In 2013, Schoffelen et al. reported the use of a bispecific trivalent antibody construct (Tri-Fab) in tandem with a histamine-succinyl-glycine (HSG) peptide–based hapten radioligand. Since then, all the reported bsAb–hapten clinical trials have used the Tri-Fab-HSG–hapten strategy. When the 2 approaches are compared, the Tri-Fab-HSG–hapten strategy has shown more promising results, providing excellent specificity and sensitivity for pretargeted PET imaging for patients with varying cancer profiles. Additionally, one of the major advantages of using peptide-based haptens, compared with the chelate complex haptens, is the ability to design a library of peptide haptens accompanied with different radionuclides with lowered risk of changing the haptens’ binding to the antibody.

To date, the evaluation of the Tri-Fab-HSG–hapten approach in humans has included the use of only 1 antibody construct, a carcinoembryonic antigen (CEA) targeting humanized Tri-Fab bsAb called TF2 (NCT00860860) (17,18). This trivalent bsAb TF2 construct has been tested along with an HSG hapten called IMP288 for pretargeted PET imaging (⁶⁸Ga-IMP288) ((19–21); NCT01730638, NCT01730 612) and radioimmunotherapy (¹¹¹In/¹⁷⁷Lu-IMP288) ((17,18,22); NCT00860860, NCT01221675) in patients with colorectal cancer, medullary thyroid carcinoma, epidermal growth factor receptor 2–negative breast cancer and metastatic lung cancer. ⁹⁰Y- and ¹¹¹In-radiolabled derivatives of IMP288 are being tested in a clinical setting as well ((20); NCT02587247, NCT02300922). The most recent work with the TF2-⁶⁸Ga-IMP288 pretargeting pair has resulted in higher sensitivity and specificity in detecting tumor lesions in metastatic colorectal cancer patients compared with ¹⁸F-FDG PET ((20); NCT02587247). The CEA-targeted pretargeting pair was also shown to be highly capable of detecting lesions in patients with human epidermal growth factor receptor 2–negative metastatic breast cancer ((21); NCT01730612). In that setting, the pretargeted immuno-PET showed higher overall sensitivity (94.7%) relative to ¹⁸F-FDG PET (89.6%) (Fig. 3). The number of true-positive lesions detected in lymph nodes, bone, and liver was higher using immuno-PET than ¹⁸F-FDG PET. Those exciting results have clearly exhibited the potential for pretargeted PET imaging in cancer.
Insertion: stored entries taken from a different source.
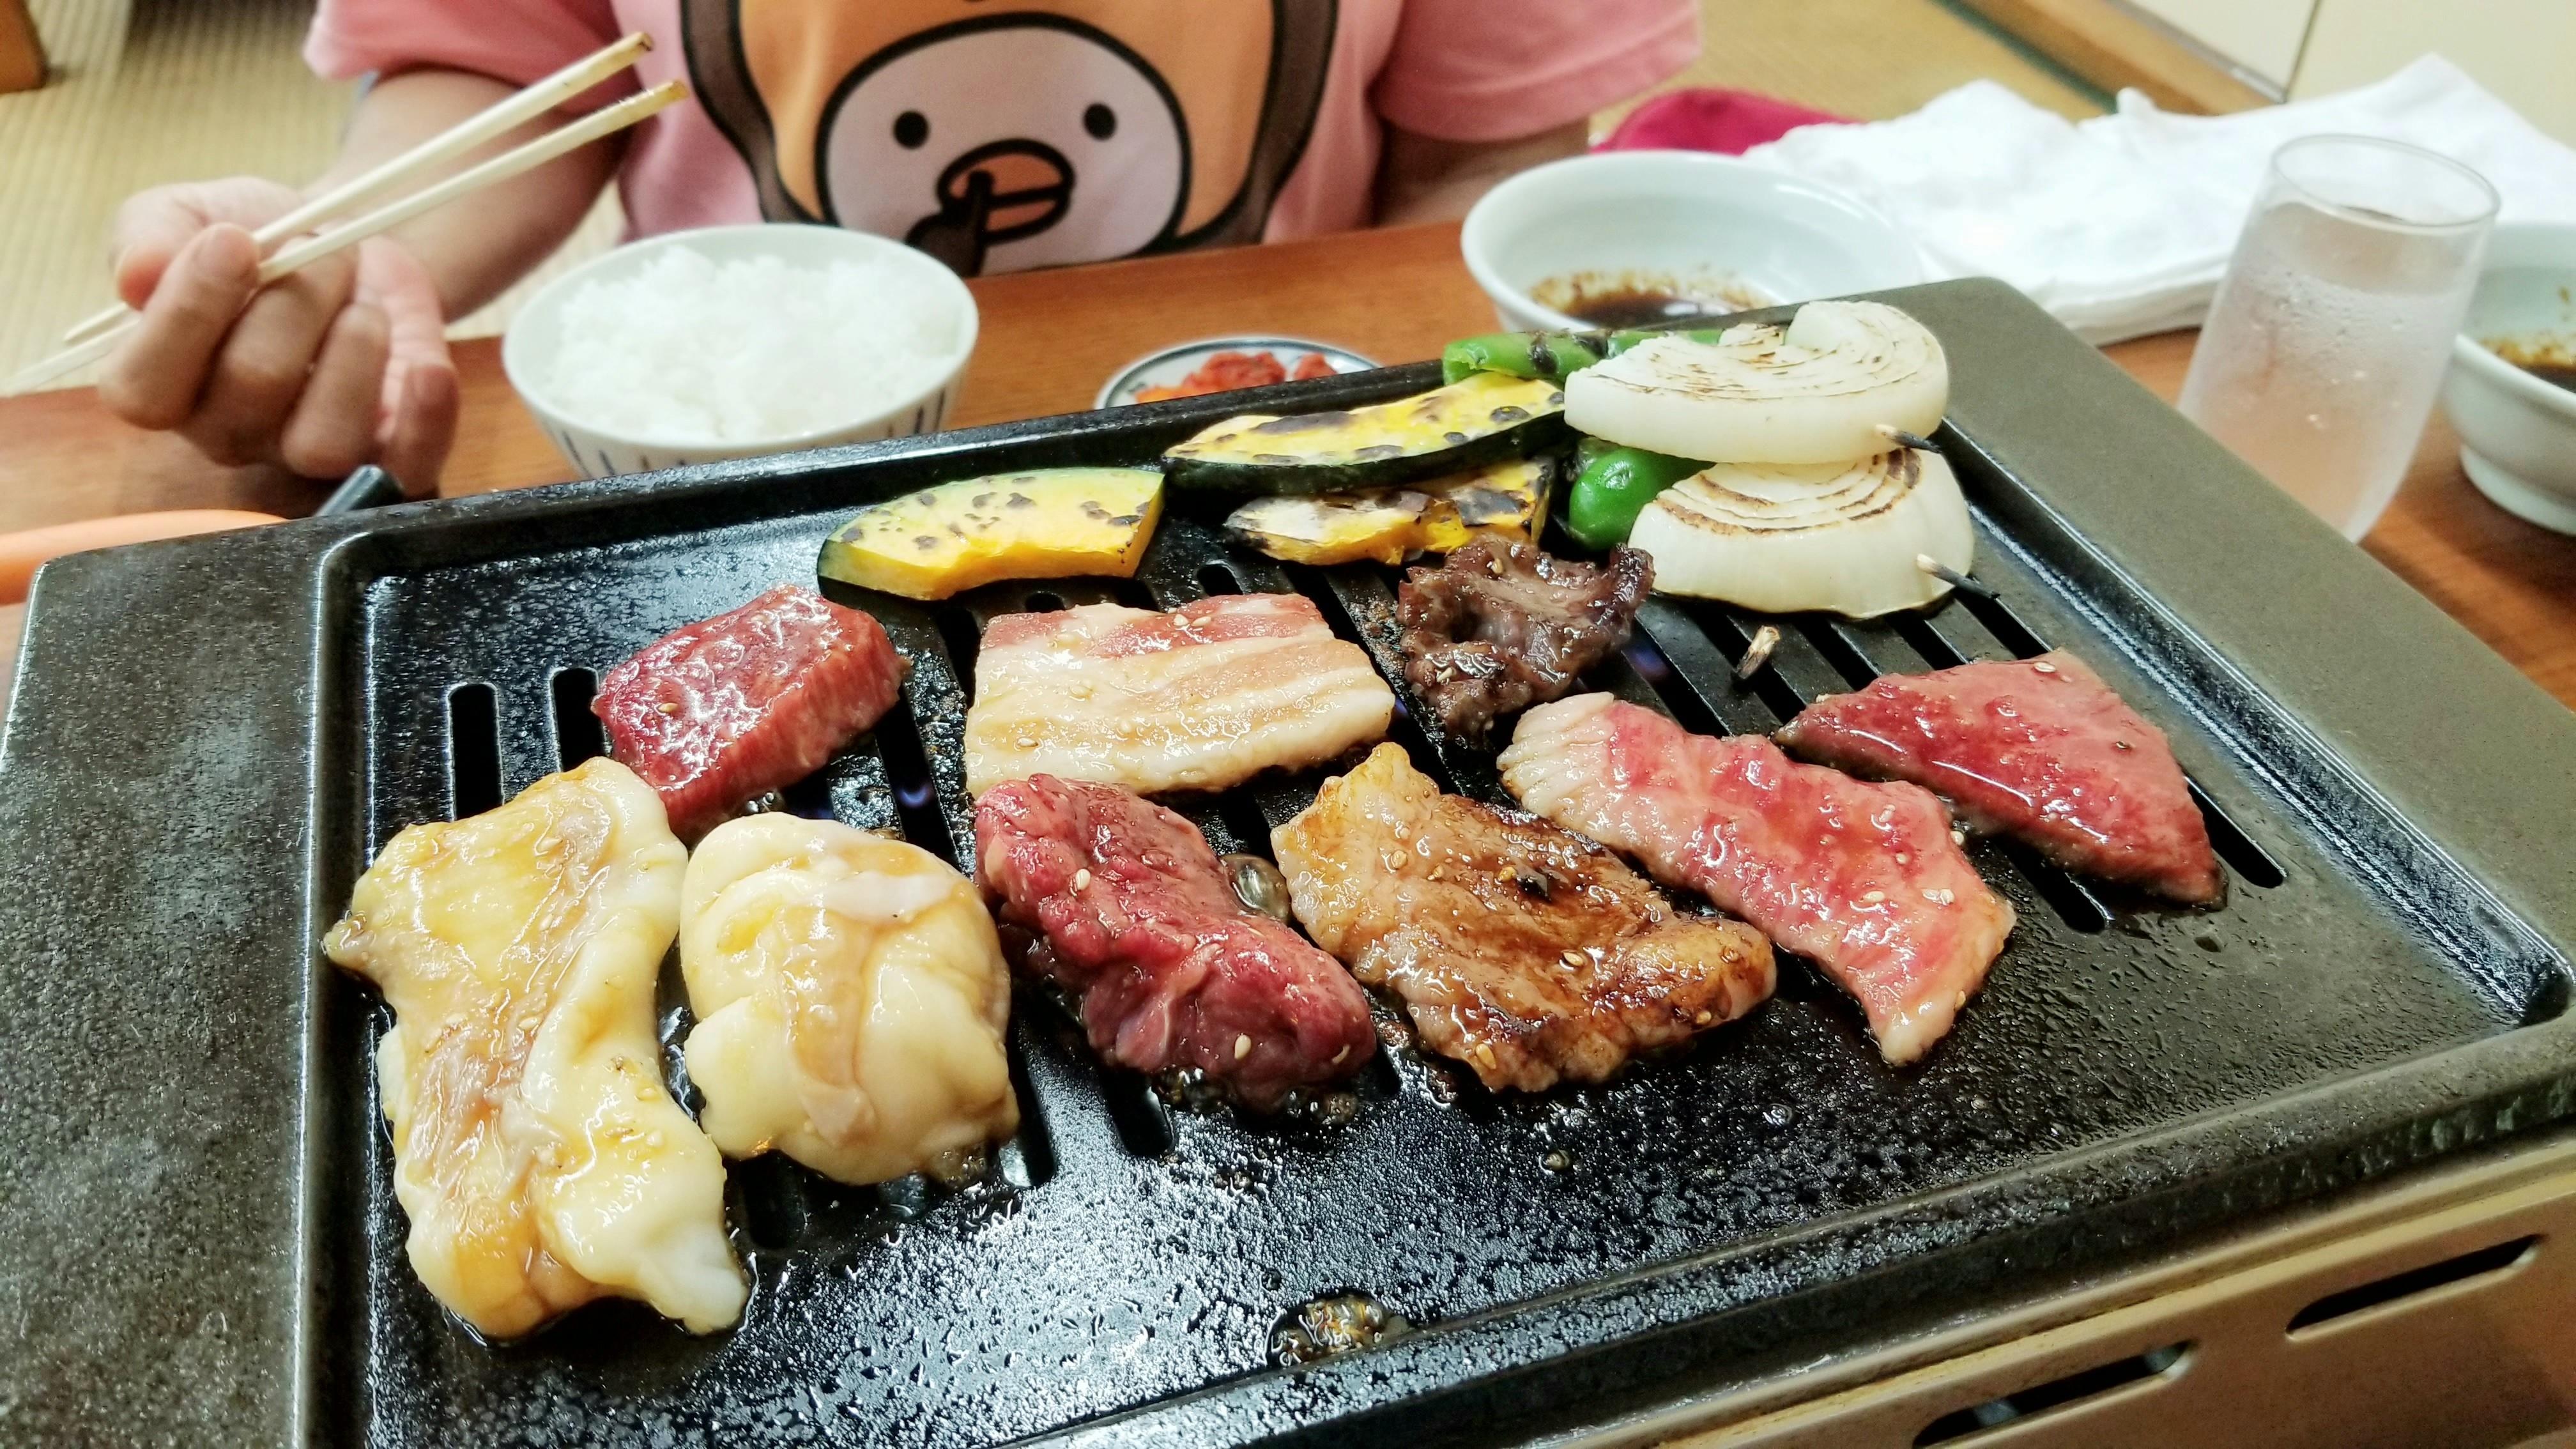 愛媛県松山市おすすめ人気焼肉屋店富久重美味しいコスパ最高安い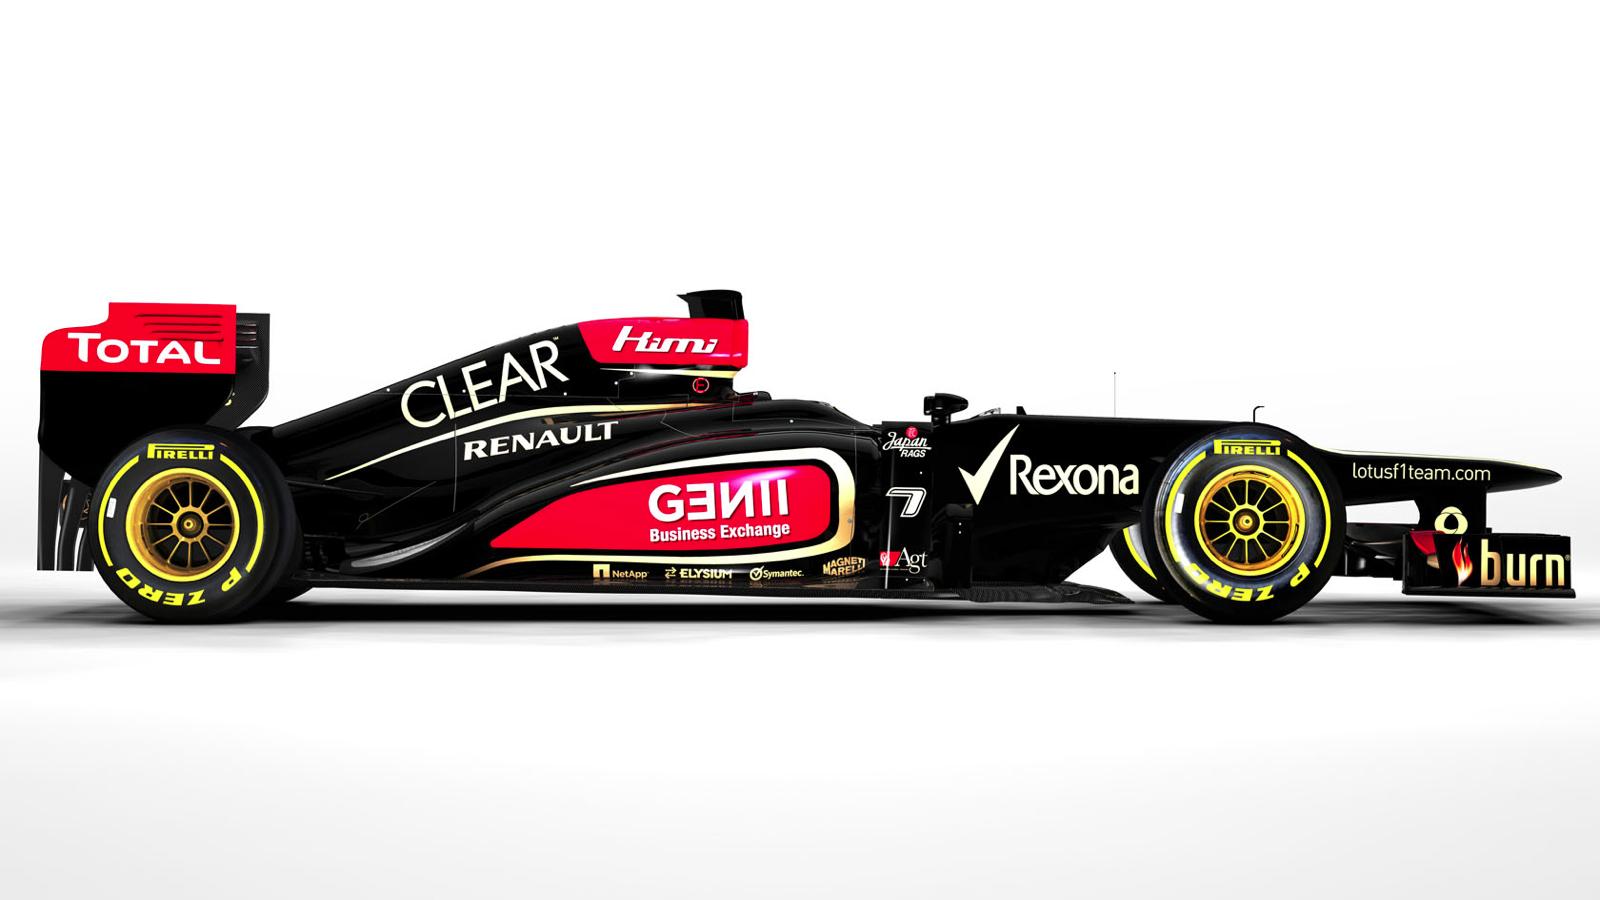 2013 Lotus F1 car 3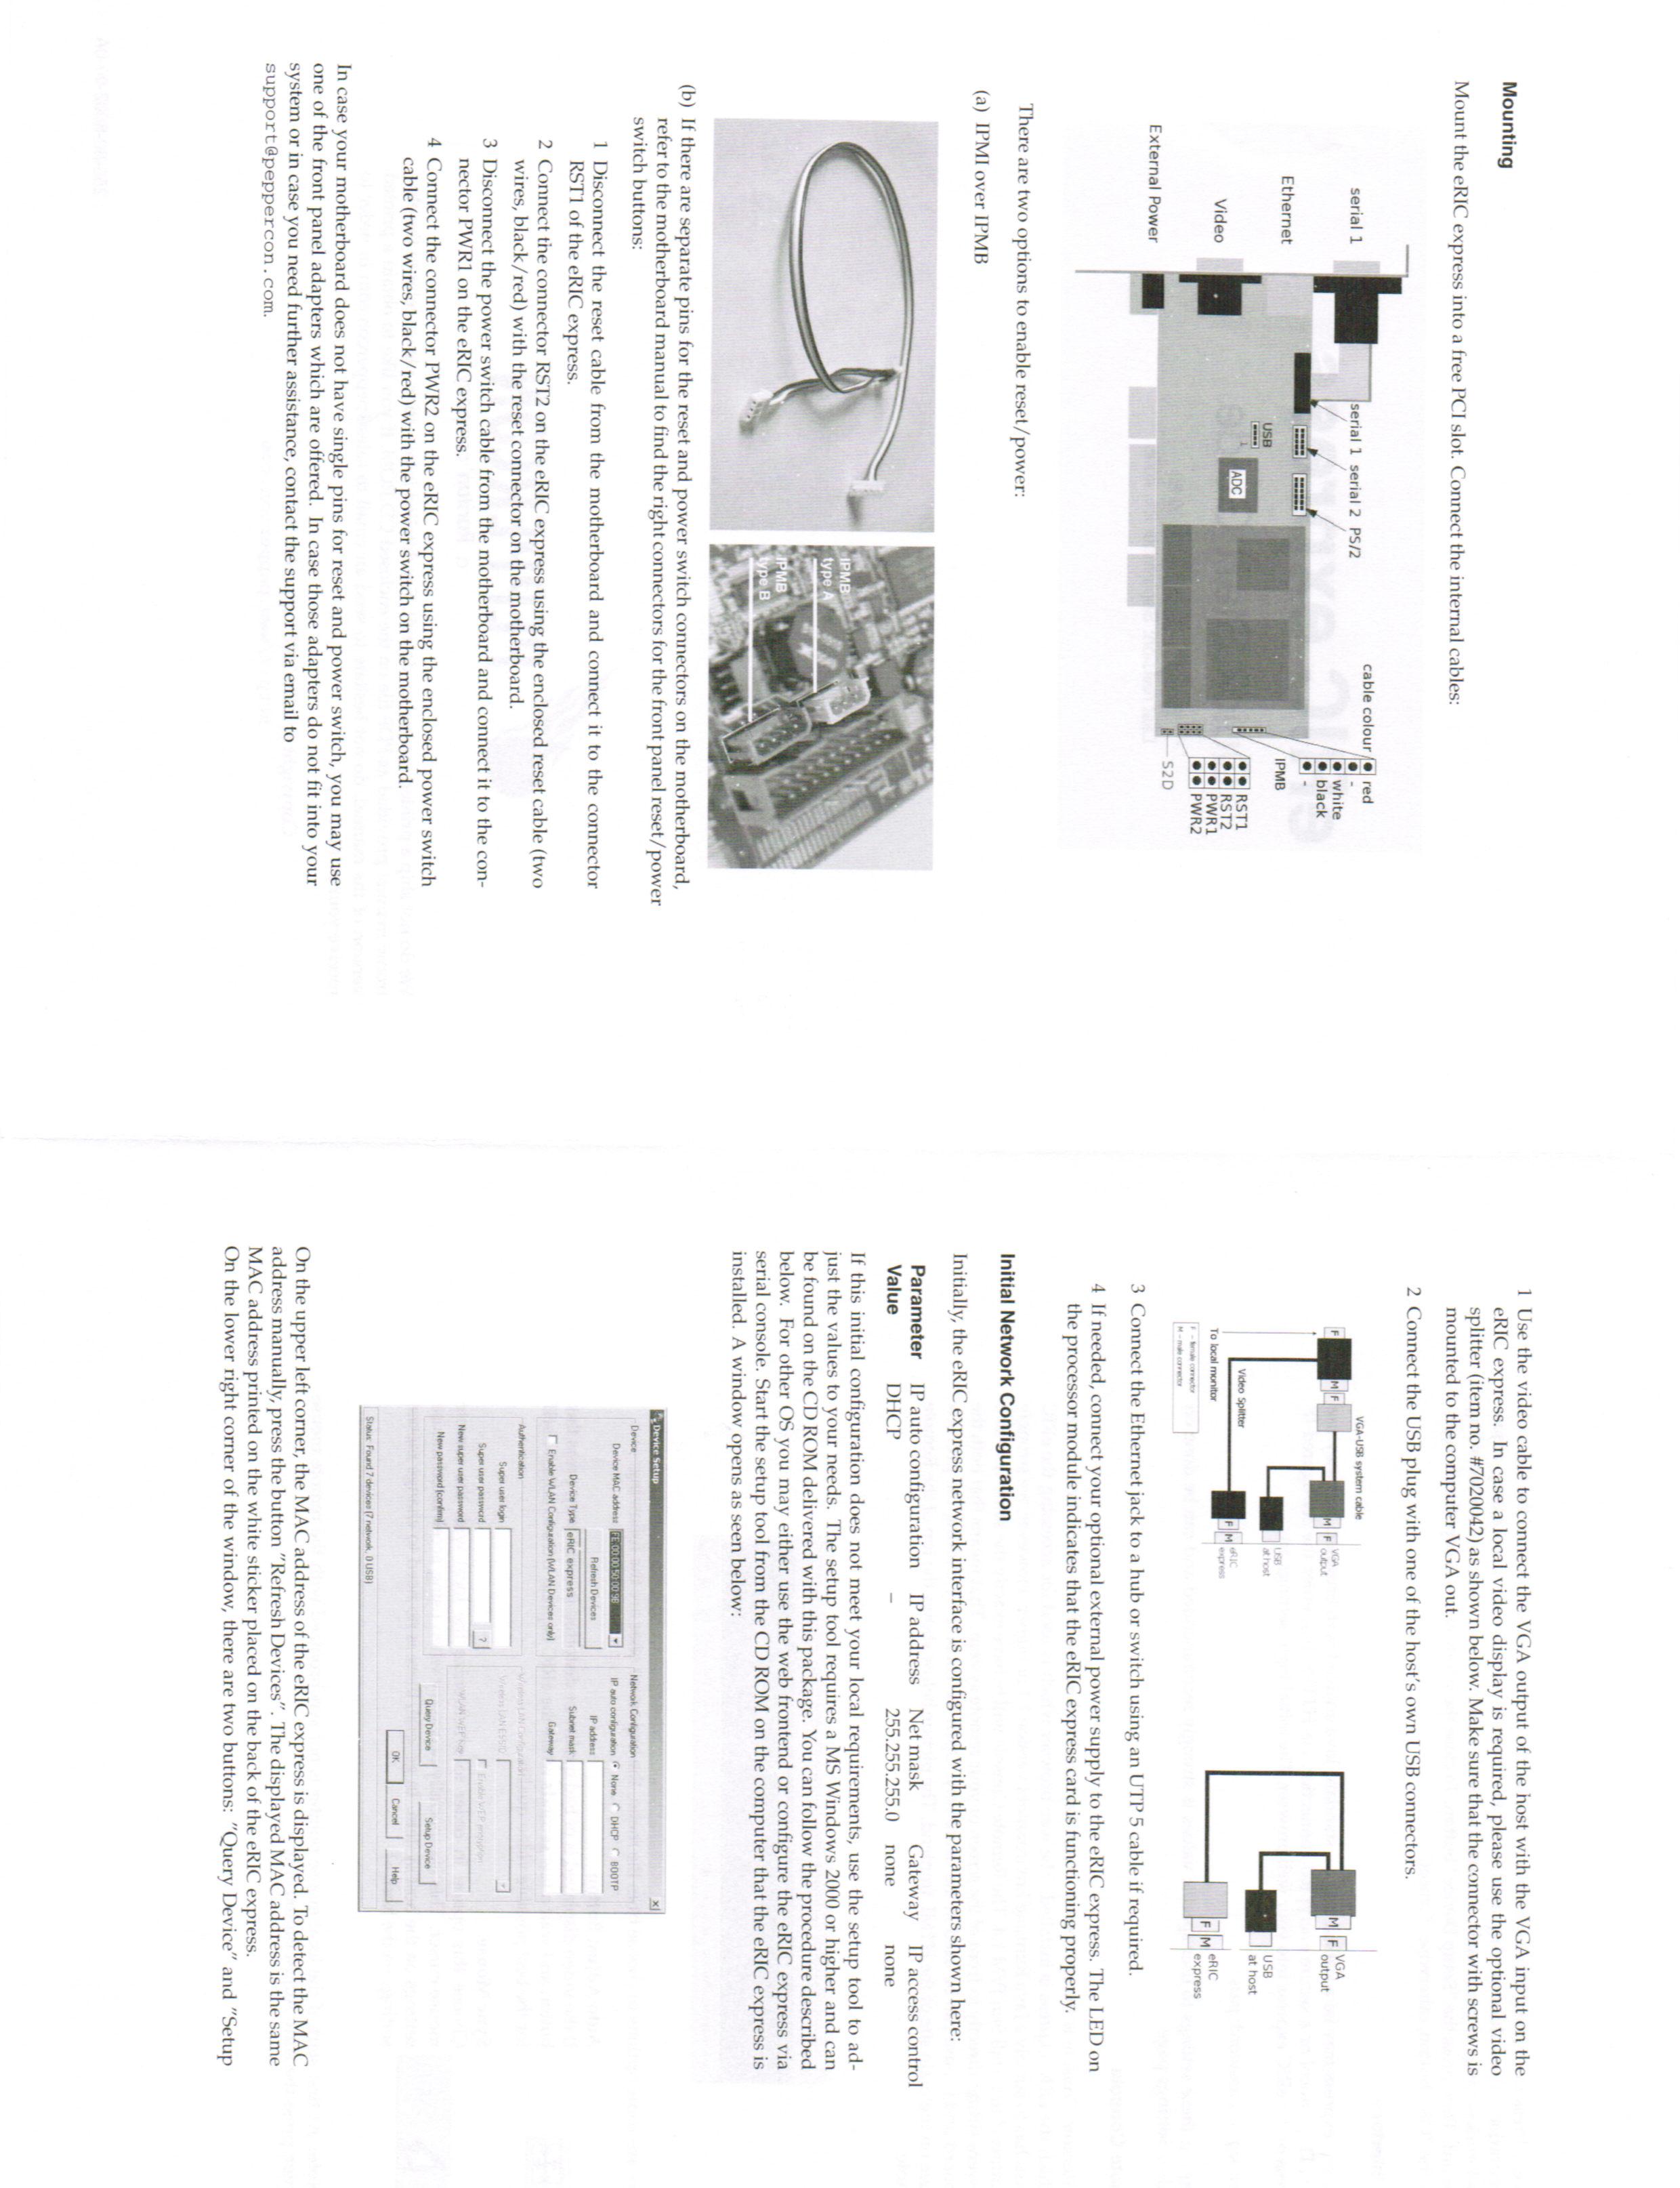 [DIAGRAM_09CH]  KE_6152] Dell Studio Wiring Diagram Schematic Wiring   Dell Studio Wiring Diagram      Coun Penghe Ilari Gresi Chro Carn Ospor Garna Grebs Unho Rele  Mohammedshrine Librar Wiring 101

FIGURE 3. — (A–C) In patient 1, pretargeted immuno-PET with TF2 and ⁶⁸Ga-IMP288 peptide images show 2 vertebral metastases (L1 and T9, arrows) (A), ¹⁸F-FDG PET discloses no vertebral abnormalities (B), and vertebral MRI confirms both lesions (blue arrows) and discloses another lesion (red arrow) at T8 (C). (D–F) In patient 2, CT shows suspected liver lesion (D), and pretargeted immuno-PET with TF2 and ⁶⁸Ga-IMP288 peptide reveals high uptake by liver lesion (arrow) (E), which was not seen by ¹⁸F-FDG PET (F). (Reprinted from (21).)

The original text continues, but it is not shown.